任期を迎え、同一人物が同じ地位に留まる場合でも、株主総会での選任決議を経て、その事実を管轄法務局で登記しなければなりません。
Q2.取締役が全員重任して、代表取締役も変えない予定なのですが、それでも代表取締役は選任しなおさなければなりませんか?
取締役が全員重任した後に、代表取締役も選任し直さなければなりません。
なぜなら、取締役の任期が満了することにより、一旦代表取締役としても退任しているためです。
Q3.重任する取締役・監査役等の個人の印鑑登録証明書は必要ですか?
原則、不要です。
ただし、「株主総会議事録」、「取締役会議事録」、「取締役の互選書」に法務局に届け出ている会社実印を押印できない場合は、取締役・監査役全員の印鑑証明書が必要になります。
Q4.役員のメンバーが変わらない場合も変更登記が必要ですか?
株式会社の役員等(取締役・執行役・監査役・会計参与・会計監査人)には任期があります。
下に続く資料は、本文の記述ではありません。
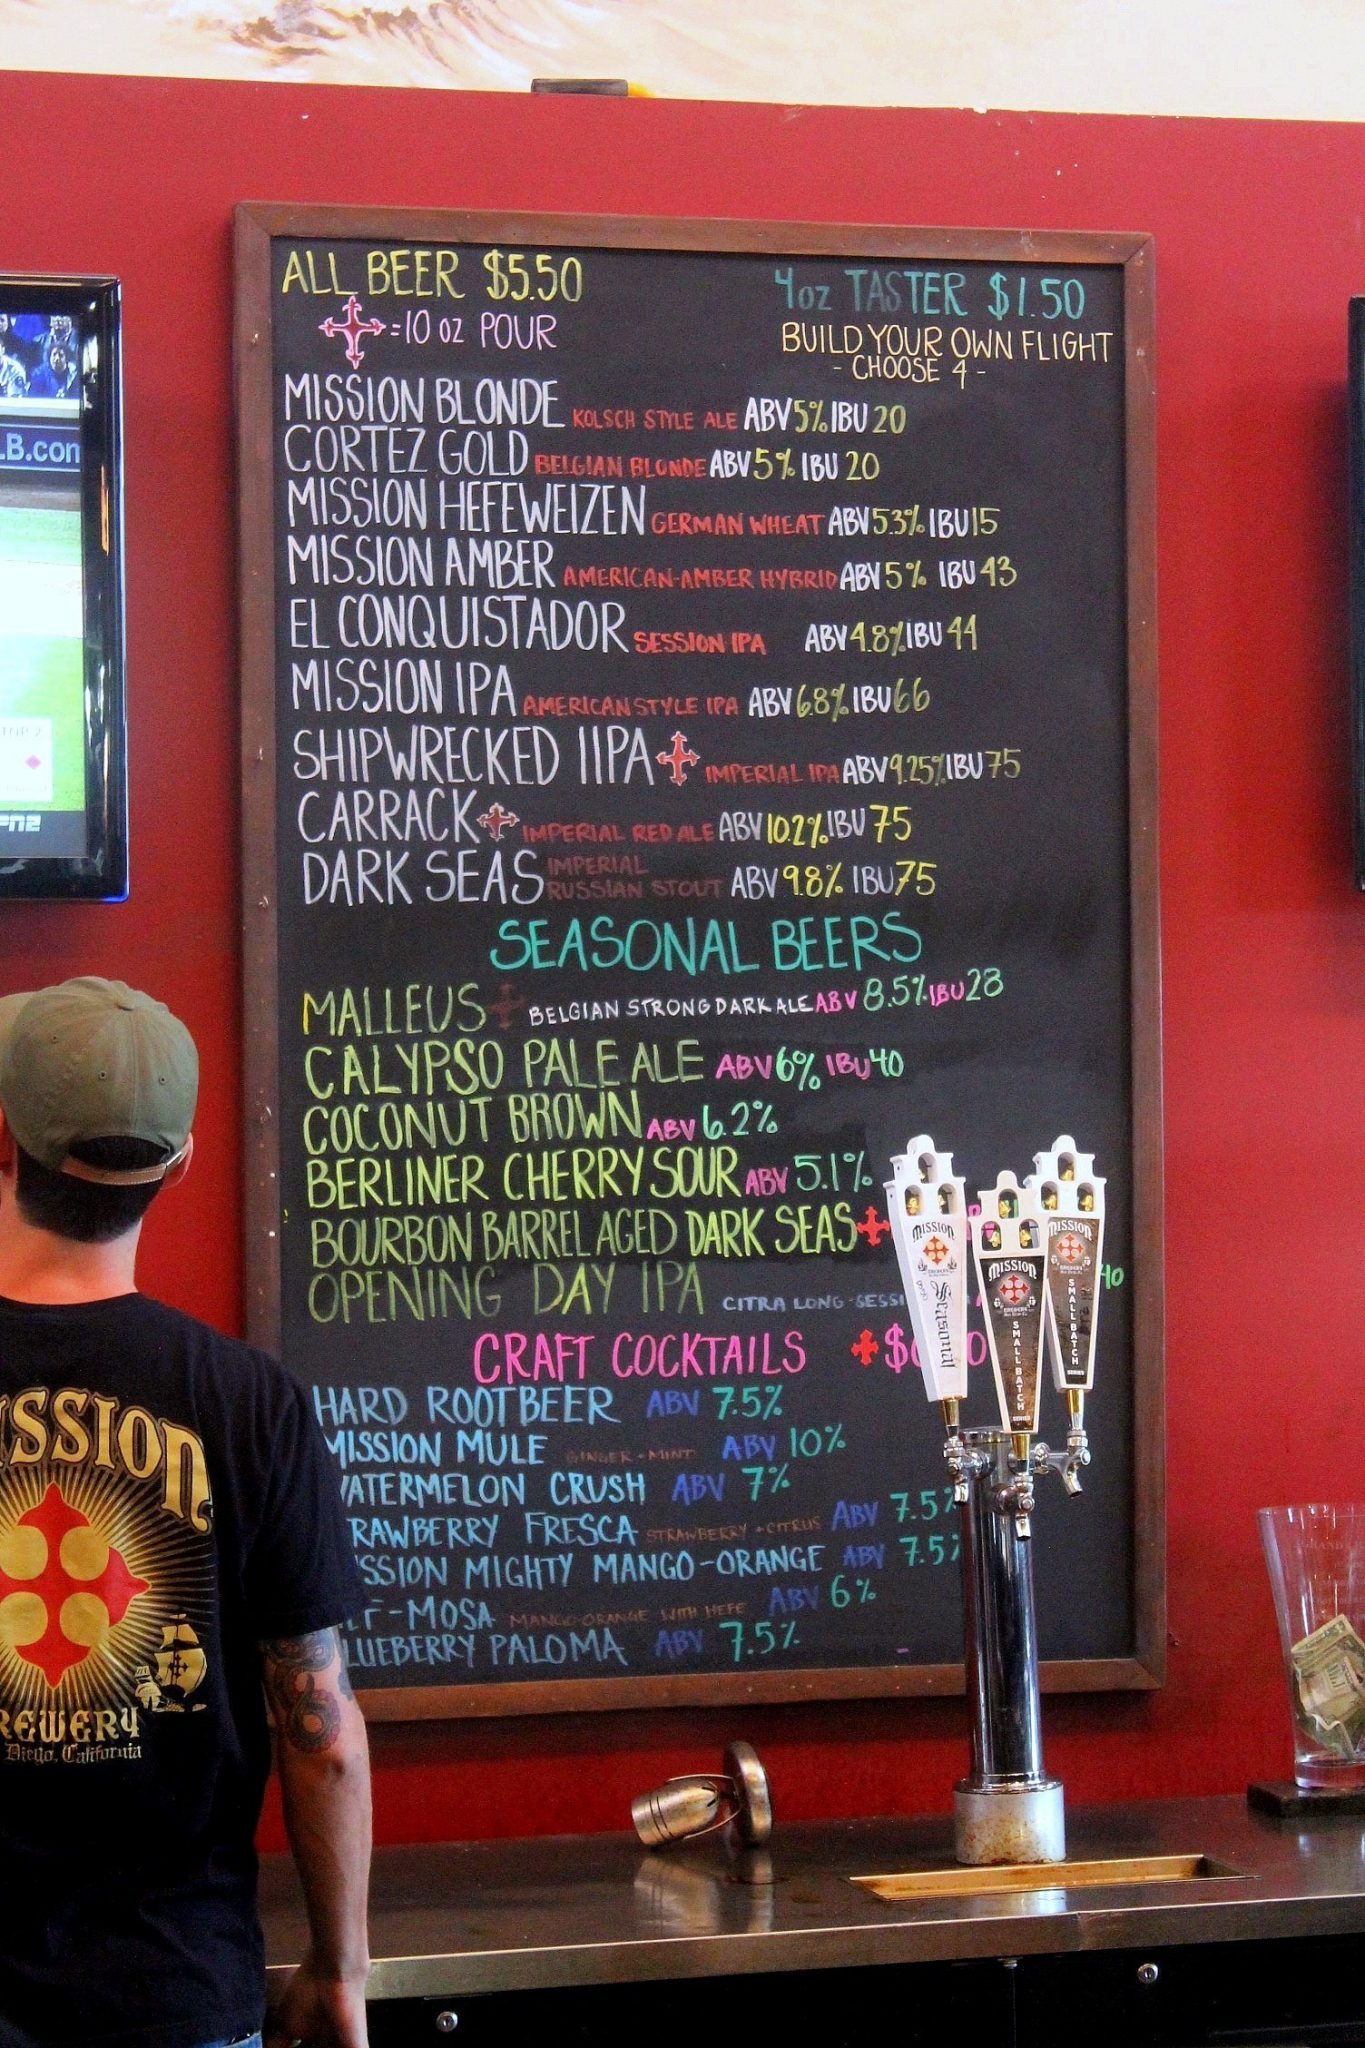 Mission Brewery - San Diego, California - Top California Breweries

そのため、役員の構成メンバーに変更がない場合にも役員の任期が満了すれば、役員変更(重任)登記が必要になります。
Q5.「辞任」と「退任」とは何が違いますか?
任期の途中で役員を辞めるときは「辞任」になります。
一方、任期が満了に伴い役員を退くときは「退任」となります。
Q6.監査役を置かず、取締役を1名だけにできますか?
取締役1名のみにすることは可能です。
取締役会と監査役を設置している場合は、取締役会と監査役設置会社の登記を廃止する必要があります。
Q7.外国人を取締役に選任することはできますか?
外国人であっても取締役に選任することはできます。
Q8.外国人が取締役になる際、注意すべきことがありますか?
原則的に、就任承諾書に実印を押印した上で印鑑証明書の添付が必要となりますが、日本で印鑑証明書が発行されない方については、就任承諾書にサインの上、自国官憲やノータリーパブリックでサイン証明書の取得が必要になります。
また、外国人の氏名を登記する際、ロ-マ字で登記することが認められていないため、日本語表記として、通常は、カタカナ表記で登記することが多いです。
Q9.いつまでに登記をしなければなりませんか?
株主総会で再任の決議をされた日から2週間以内に管轄の法務局へ登記申請を行わなければなりません。
2週間を過ぎても登記を申請することはできますが、懈怠金(登記申請が遅れたことによる過料)が掛かる可能性があります。
Q10.重任(再任)登記の登録免許税はいくらかかりますか?
資本金の額が1億円を超えない株式会社は、10,000円です。
資本金の額が1億円を超える株式会社の場合は、30,000円です。
※役員が何名いても、登録免許税は変わりません。